Sorin, Daniel J; Hill, Mark D; Wood, David A: A Primer on Memory Consistency and Cache Coherence, Morgan & Claypool, 2011

sequential consistency can be described as (not formally):

Sequential consistency memory model specifies that the system must appear to execute all threads’ loads and stores to all memory locations in a total order that respects the program order of each thread. Each load gets the value of the most recent store in that total order.

In other words, system is sequentially consistent, if given memory events (loads and stores) of each thread we can order all these events such that: 1) for each thread the order of its events is preserved, and 2) the global order is serial (any load returns latest value stored).

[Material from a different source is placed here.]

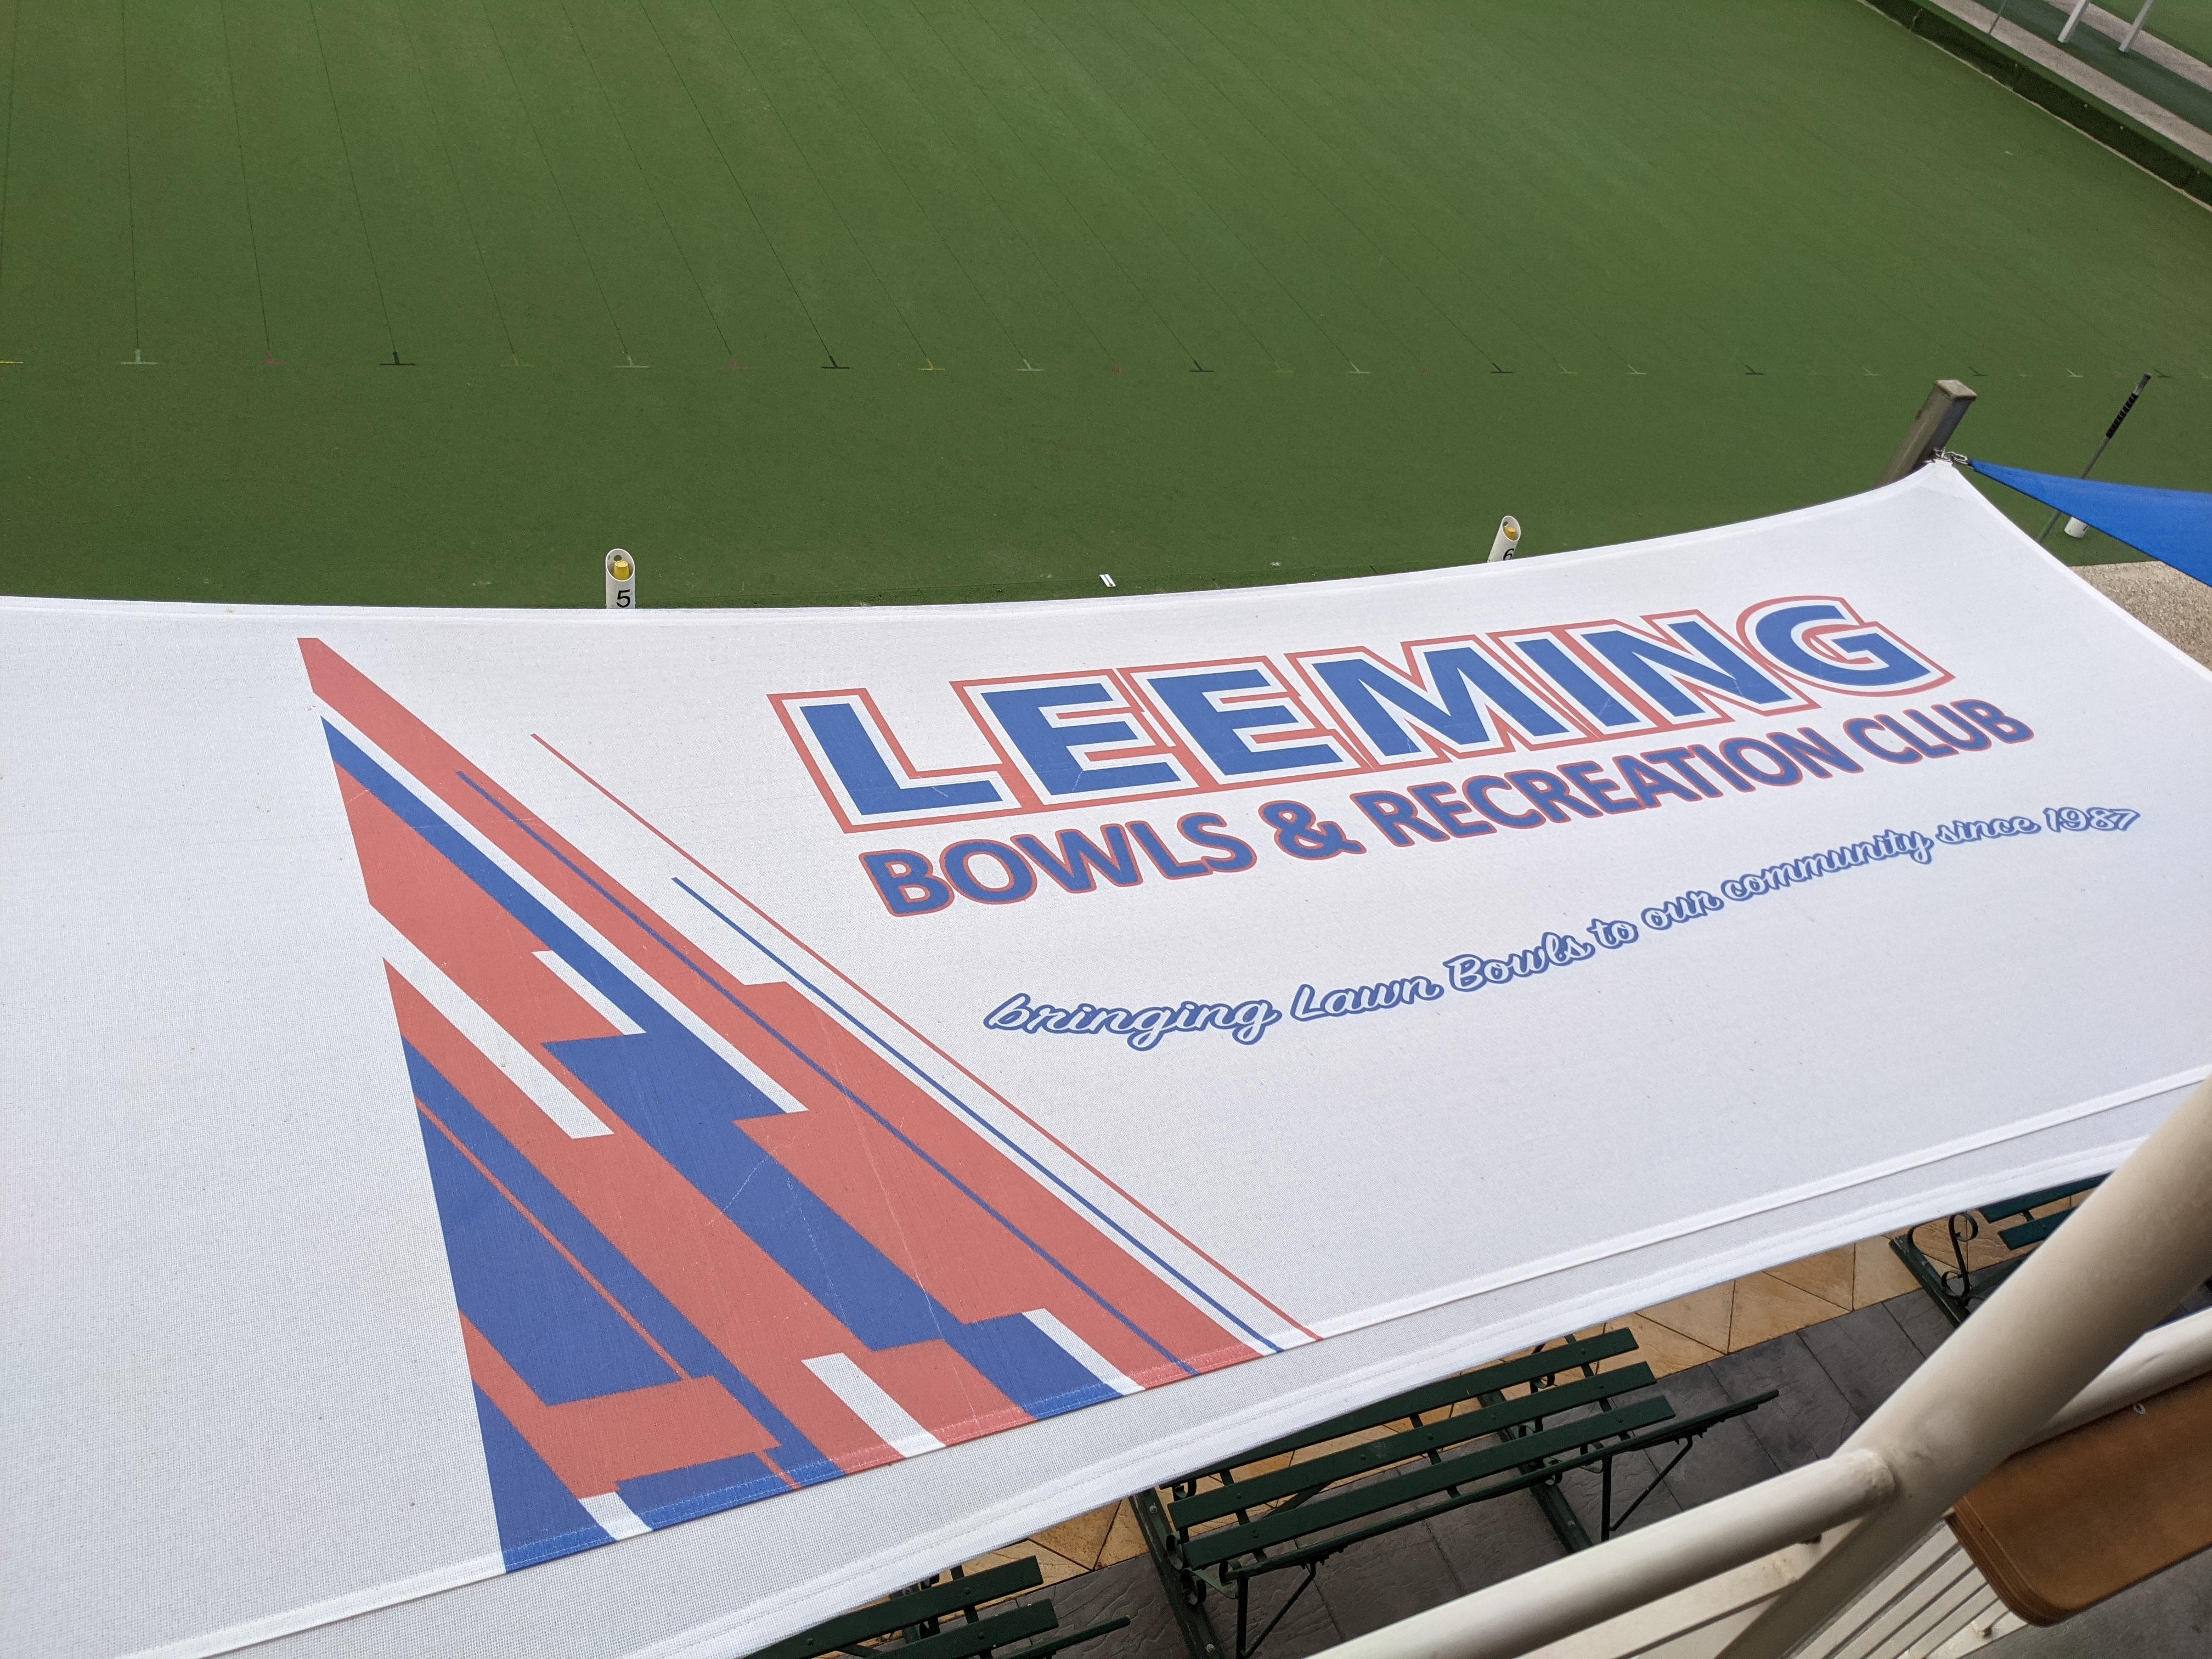 Sail_City_Shade_Sails_Leeming_Bowling_club_4.jpg

Now they continue and describe coherence:

A definition of coherence that is analogous to the definition of Sequential Consistency is that a coherent system must appear to execute all threads’ loads and stores to a single memory location in a total order that respects the program order of each thread.

In other words, system is coherent, if given memory events of each thread for each location we can order events for that location, such that: 1) for each thread the order of its events to that location is preserved, and 2) for each location the order is serial.

Finally, they point out the difference:

This definition highlights an important distinction between coherence and consistency: coherence is specified on a per-memory location basis, whereas consistency is specified with respect to all memory locations.

So it seems the difference is that for coherent systems we need a total order on all events for each location (thus the ordering between events for particular location), while for consistent systems the total order should be defined on the all events (and thus the ordering is also between events for different locations)?

Does that mean that coherence is less strict that consistency? (which seems amusing!) Are there traces that are coherent but not consistent?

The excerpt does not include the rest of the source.